What if I told you that you don't need a Dockerfile at all?
Since .NET 7, the SDK has built-in support for publishing your application directly to a container image.
You can do this with a single dotnet publish command.
In this week's newsletter, we'll explore:
- Why Dockerfile-less publishing matters
- How to enable container publishing in your project
- Customizing the container image
- Publishing to container registries
- How I'm using this to deploy to a VPS
The Traditional Approach: Writing a Dockerfile
Before we look at the SDK approach, let's see what we're replacing.
A typical multi-stage Dockerfile for a .NET application looks like this:
FROM mcr.microsoft.com/dotnet/aspnet:10.0 AS base
WORKDIR /app
EXPOSE 8080
EXPOSE 8081
FROM mcr.microsoft.com/dotnet/sdk:10.0 AS build
ARG BUILD_CONFIGURATION=Release
WORKDIR /src
COPY ["src/MyApi/MyApi.csproj", "src/MyApi/"]
RUN dotnet restore "src/MyApi/MyApi.csproj"
COPY . .
WORKDIR "/src/src/MyApi"
RUN dotnet build "MyApi.csproj" -c $BUILD_CONFIGURATION -o /app/build
FROM build AS publish
ARG BUILD_CONFIGURATION=Release
RUN dotnet publish "MyApi.csproj" -c $BUILD_CONFIGURATION -o /app/publish
FROM base AS final
WORKDIR /app
COPY --from=publish /app/publish .
ENTRYPOINT ["dotnet", "MyApi.dll"]
This works, but there's a learning curve and maintenance overhead:
- Maintenance burden: You need to update base image tags manually
- Layer caching: Getting the COPY order wrong kills your build cache
- Duplication: Every project needs a similar Dockerfile
- Context switching: You're writing Docker DSL, not .NET code
The .NET SDK approach eliminates all of this.

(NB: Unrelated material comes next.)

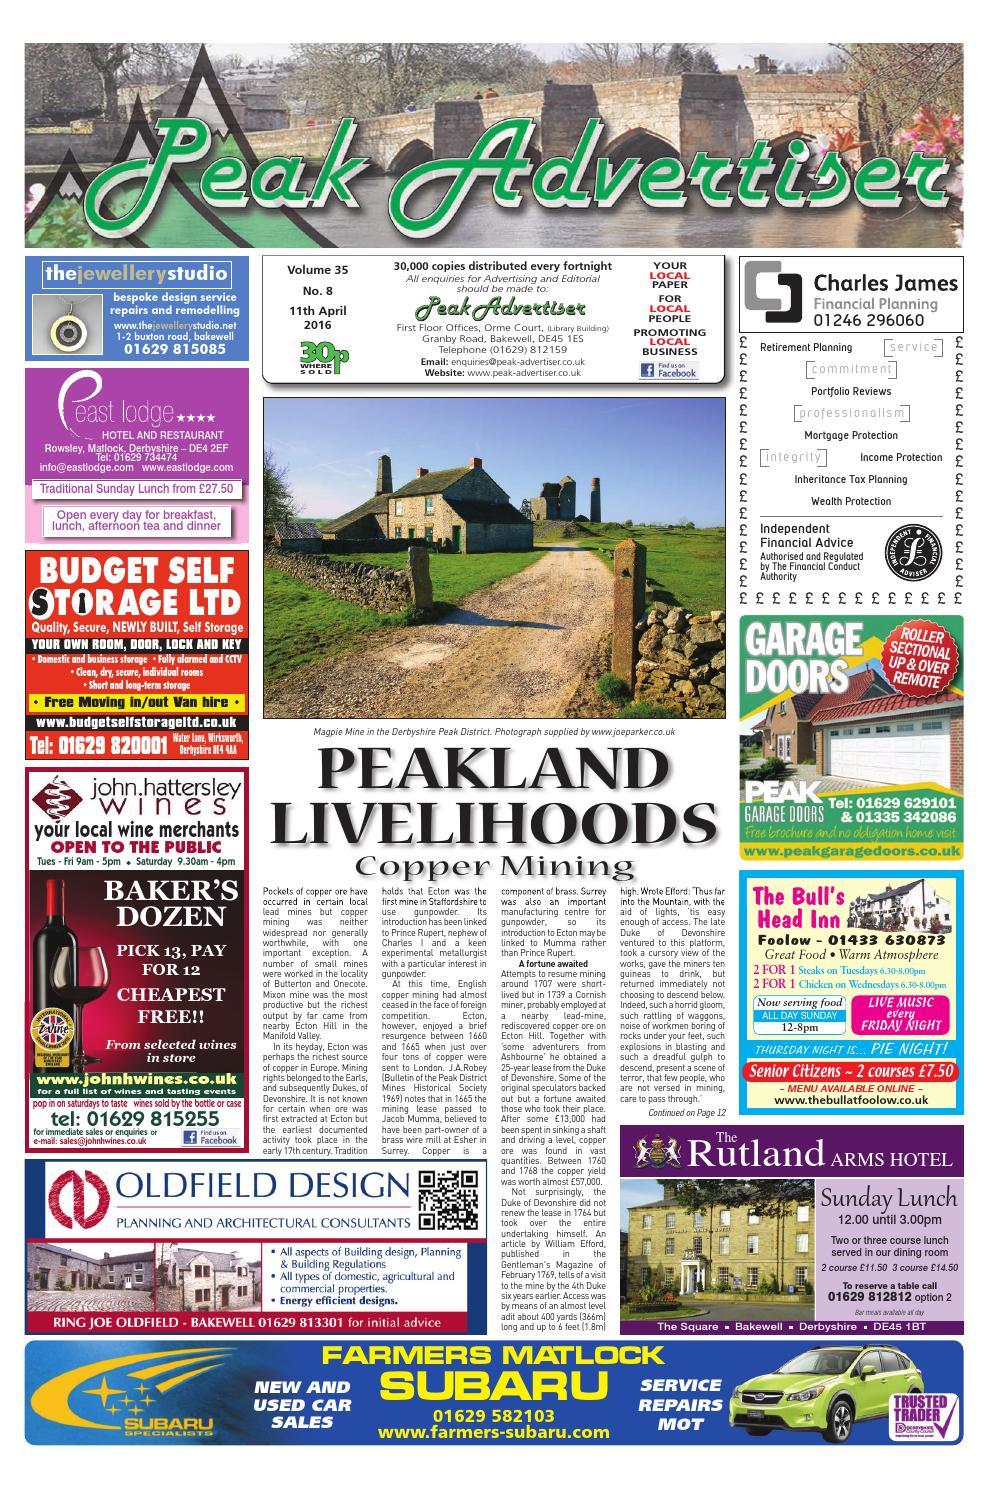 38bd93ba3 The Peak Advertiser 11.4.16 by Peak Advertiser - issuu

Enabling Container Publishing
If you're running on .NET 10, you don't need to do anything special to enable container publishing. This will work for ASP.NET Core apps, worker services, and console apps.
You can publish directly to a container image:
dotnet publish --os linux --arch x64 /t:PublishContainer
That's it. The .NET SDK will:
- Build your application
- Select the appropriate base image
- Create a container image with your published output
- Load it into your local OCI-compliant daemon
The most popular option is Docker, but it also works with Podman.
Customizing the Container Image
The SDK provides sensible defaults, but you'll often want to customize the image. For a more comprehensive list of options, see the official docs.
I'll cover the most common customizations here.
Setting the Image Name and Tag
The ContainerRepository property sets the image name (repository).
The ContainerImageTags property sets one or more tags (separated by semicolons).
If you want a single tag, you can use ContainerImageTag instead.
<PropertyGroup>
<ContainerRepository>ghcr.io/USERNAME/REPOSITORY</ContainerRepository>
<ContainerImageTags>1.0.0;latest</ContainerImageTags>
</PropertyGroup>
From .NET 8 and onwards, when a tag isn't provided the default is latest.
Choosing a Different Base Image
By default, the SDK uses the following base images:
mcr.microsoft.com/dotnet/runtime-depsfor self-contained appsmcr.microsoft.com/dotnet/aspnetimage for ASP.NET Core appsmcr.microsoft.com/dotnet/runtimefor other cases
You can switch to a smaller or different image:
<PropertyGroup>
<!-- Use the Alpine-based image for smaller size -->
<ContainerBaseImage>mcr.microsoft.com/dotnet/aspnet:10.0-alpine</ContainerBaseImage>
</PropertyGroup>
You could also do this by setting ContainerFamily to alpine, and letting the rest be inferred.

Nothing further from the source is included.